# How NASA turns astronauts into photographers



## waday (Apr 5, 2016)

*How NASA turns astronauts into photographers*

How NASA turns astronauts into photographers


----------



## table1349 (Apr 5, 2016)

Interesting article.  It's a shame they don't teach cops like this.  Most departments now give their officers digital cameras for minor crime scene photography.  Apparently most of them have never heard the word focus before.


----------



## waday (Apr 6, 2016)

gryphonslair99 said:


> Interesting article.  It's a shame they don't teach cops like this.  Most departments now give their officers digital cameras for minor crime scene photography.  Apparently most of them have never heard the word focus before.

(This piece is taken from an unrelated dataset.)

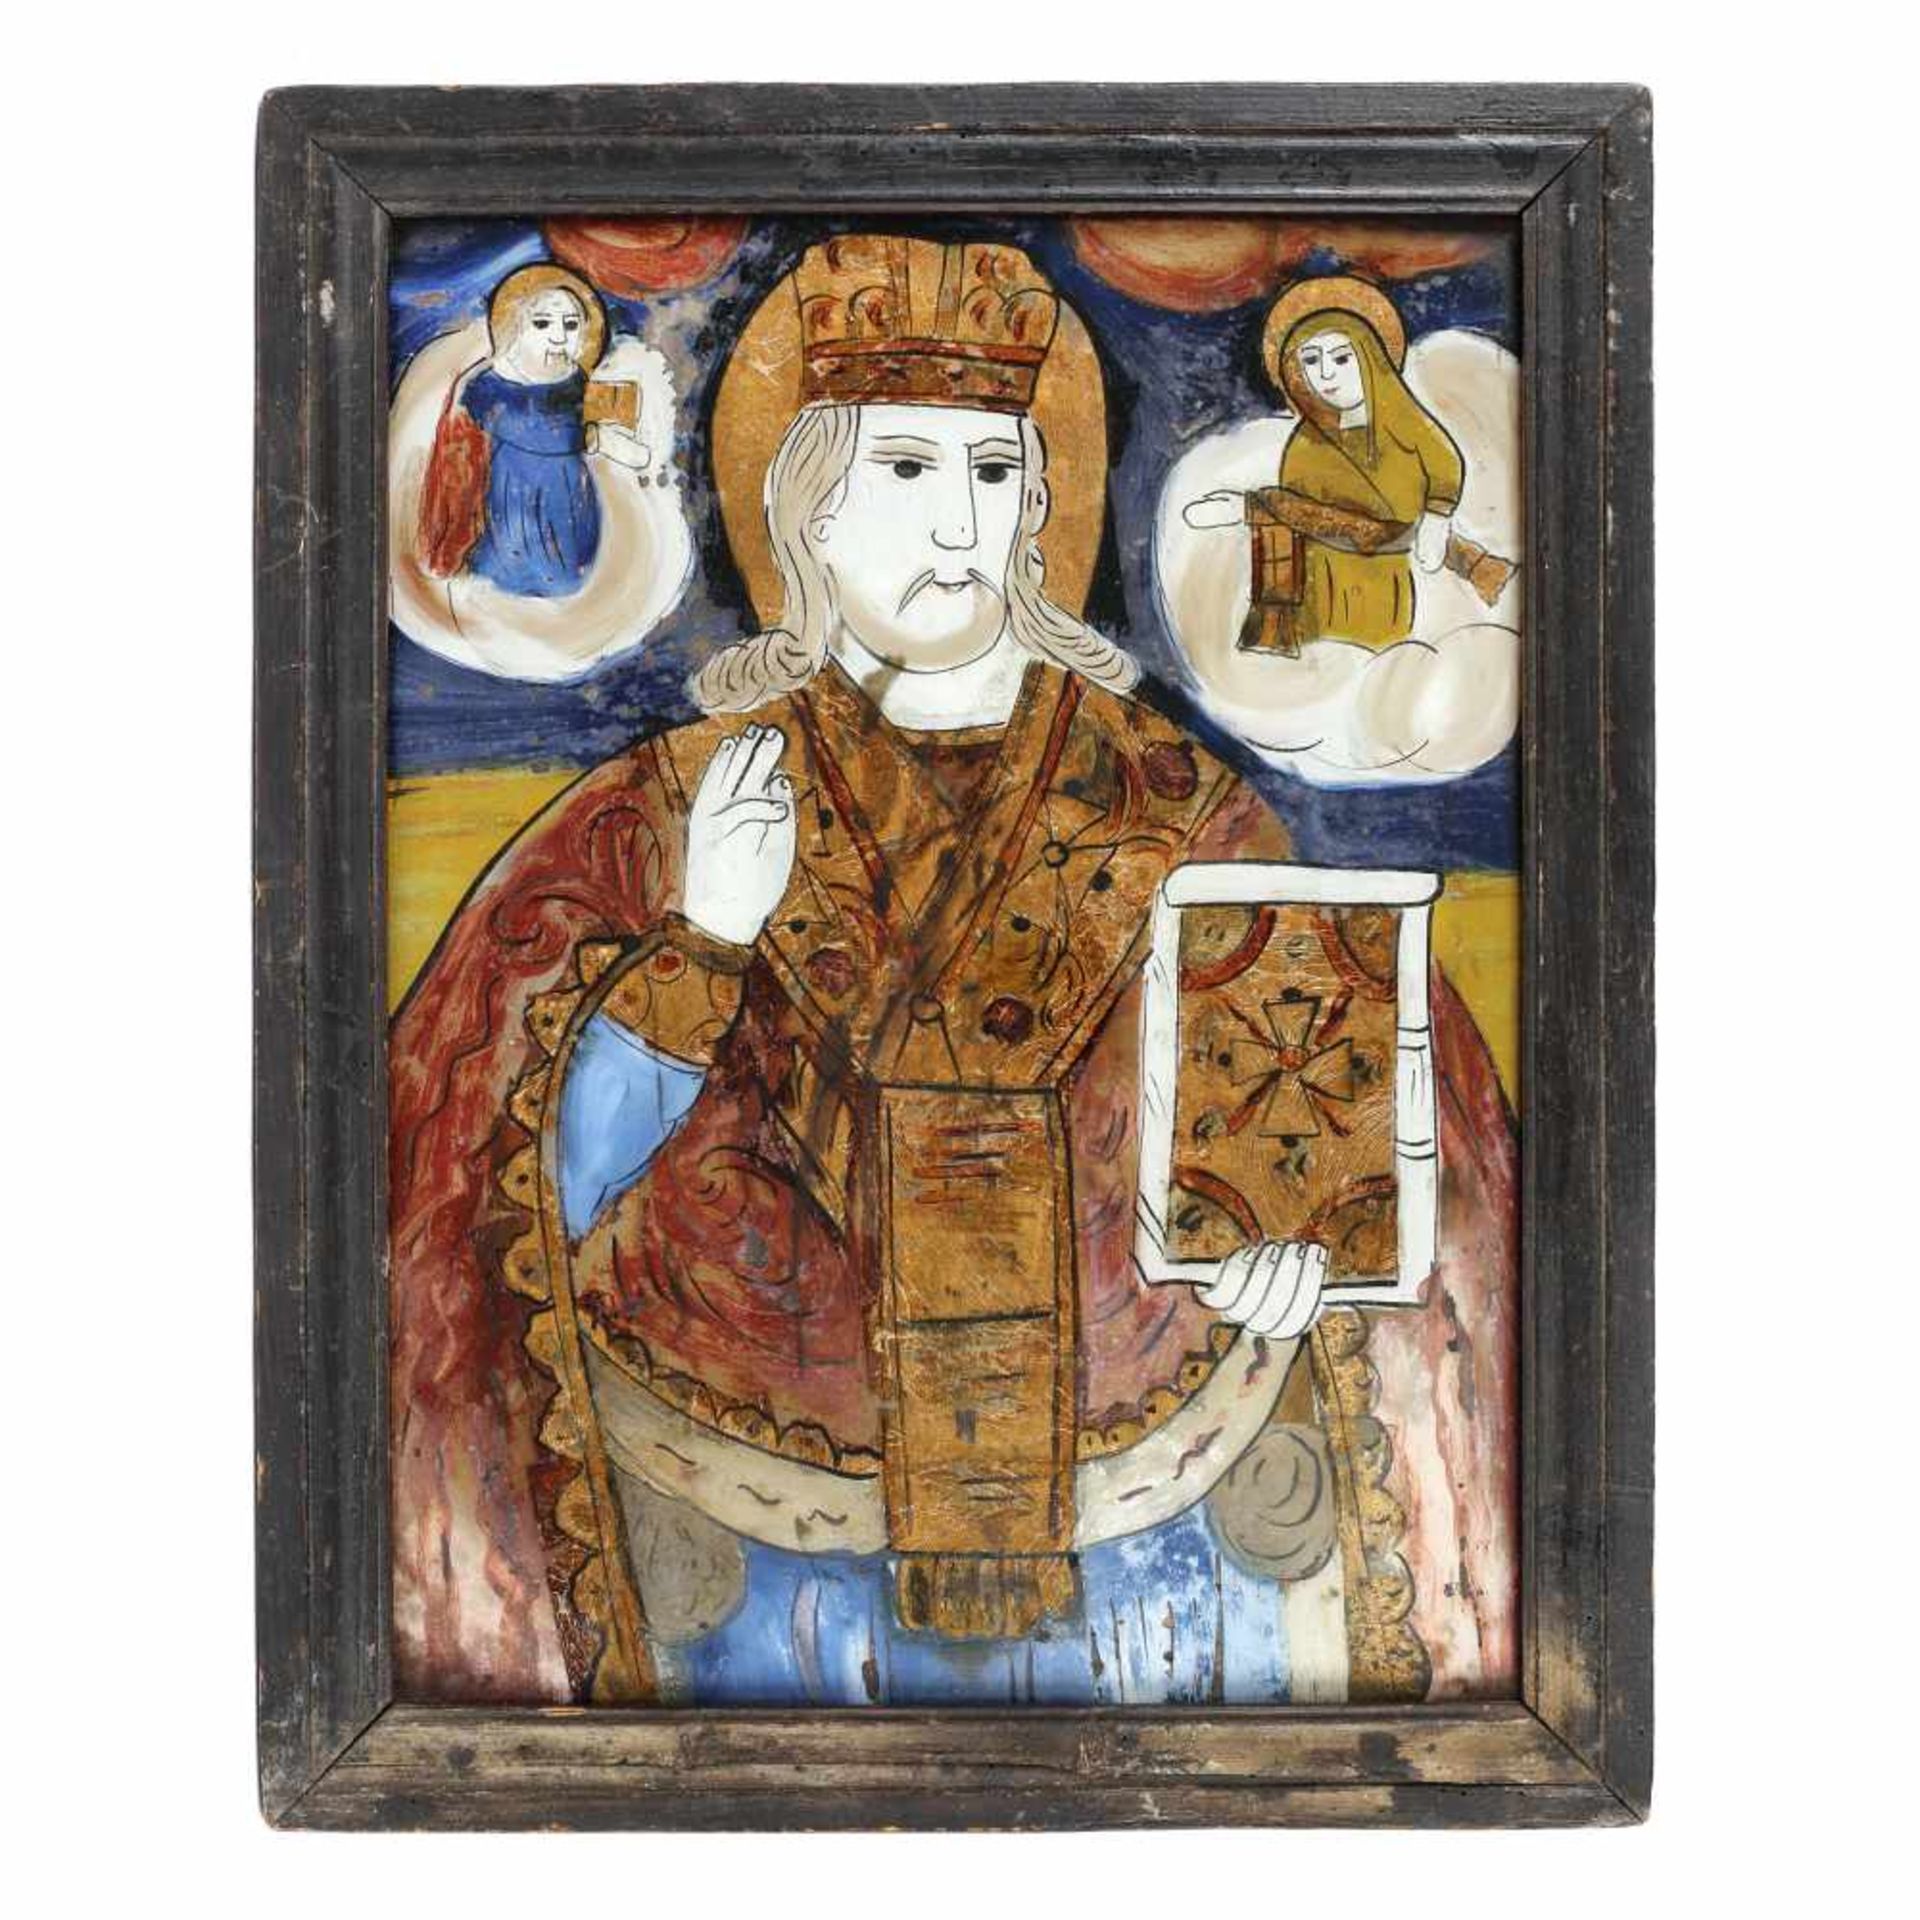 ”Saint Nicholas”, credited to painter Maria Prodan (Furnică), Maieri, Alba Iulia, late 19th century

It's funny you mention that, because one of my brother-in-laws is a police officer. They paid for him to go to a multi-day training on how to be a crime scene photographer. His boss asks him to get a quote for a camera and lighting, then says it's too expensive and scraps everything.


----------



## table1349 (Apr 6, 2016)

Yeah our, I use our in the past tense since I retired 3 months ago, CSI's have Nikon D7000's for the scenes they work.  The patrol officers all have P&S's for minor crime scene documentation.  The CSI's get great shots.  The patrol guys, well like I said focus is not a term they are familiar with. If out of focus photography ever becomes popular, there are some real Ansel Adams waiting in the wings.


----------